Re: [PATCH rfc] nfs: propagate readlink errors in nfs_symlink_filler

Jeff Layton <jlayton@xxxxxxxxxx> · Tue, 21 May 2024 09:22:46 -0400

On Tue, 2024-05-21 at 15:58 +0300, Sagi Grimberg wrote:
> There is an inherent race where a symlink file may have been overriden
> (by a different client) between lookup and readlink, resulting in a
> spurious EIO error returned to userspace. Fix this by propagating back
> ESTALE errors such that the vfs will retry the lookup/get_link (similar
> to nfs4_file_open) at least once.
> 
> Cc: Dan Aloni <dan.aloni@xxxxxxxxxxxx>
> Signed-off-by: Sagi Grimberg <sagi@xxxxxxxxxxx>
> ---
> Note that with this change the vfs should retry once for
> ESTALE errors. However with an artificial reproducer of high
> frequency symlink overrides, nothing prevents the retry to
> also encounter ESTALE, propagating the error back to userspace.
> The man pages for openat/readlinkat do not list an ESTALE errno.
> 
> An alternative attempt (implemented by Dan) was a local retry loop
> in nfs_get_link(), if this is an applicable approach, Dan can
> share his patch instead.
> 
>  fs/nfs/symlink.c | 2 +-
>  1 file changed, 1 insertion(+), 1 deletion(-)
> 
> diff --git a/fs/nfs/symlink.c b/fs/nfs/symlink.c
> index 0e27a2e4e68b..13818129d268 100644
> --- a/fs/nfs/symlink.c
> +++ b/fs/nfs/symlink.c
> @@ -41,7 +41,7 @@ static int nfs_symlink_filler(struct file *file, struct folio *folio)
>  error:
>  	folio_set_error(folio);
>  	folio_unlock(folio);
> -	return -EIO;
> +	return error;
>  }
>  
>  static const char *nfs_get_link(struct dentry *dentry,

git blame seems to indicate that we've returned -EIO here since the
beginning of the git era (and likely long before that).
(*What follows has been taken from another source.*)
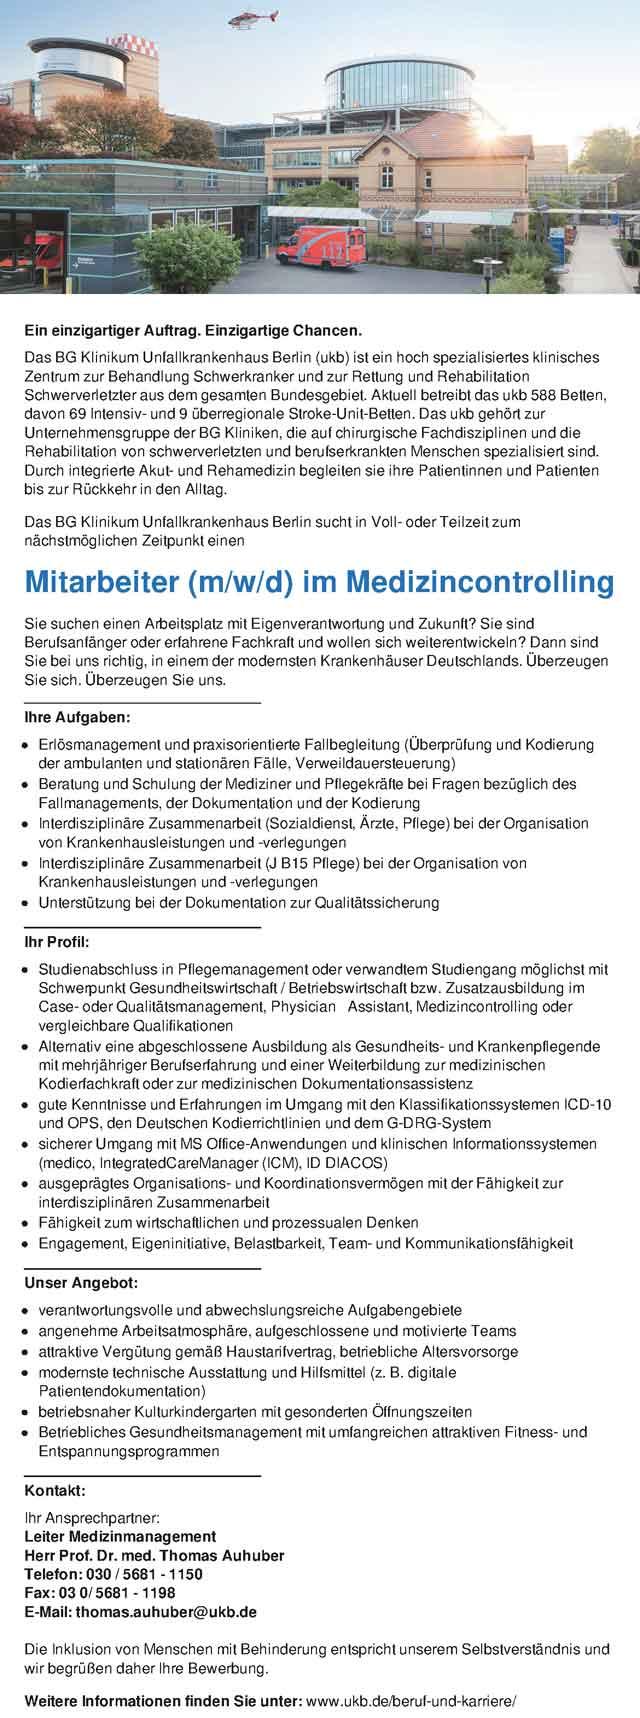 Klinikum Freising: Mitarbeiter Medizincontrolling (m/w/d)

I see no reason
for us to cloak the real error there though, especially with something
like an ESTALE error.

    Reviewed-by: Jeff Layton <jlayton@xxxxxxxxxx>

FWIW, I think we shouldn't try to do any retry looping on ESTALE beyond
what we already do.

Yes, we can sometimes trigger ESTALE errors to bubble up to userland if
we really thrash the underlying filesystem when testing, but I think
that's actually desirable:

If you have real workloads across multiple machines that are racing
with other that tightly, then you should probably be using some sort of
locking or other synchronization. If it's clever enough that it
doesn''t need that, then it should be able to deal with the occasional
ESTALE error by retrying on its own.

Cheers,
Jeff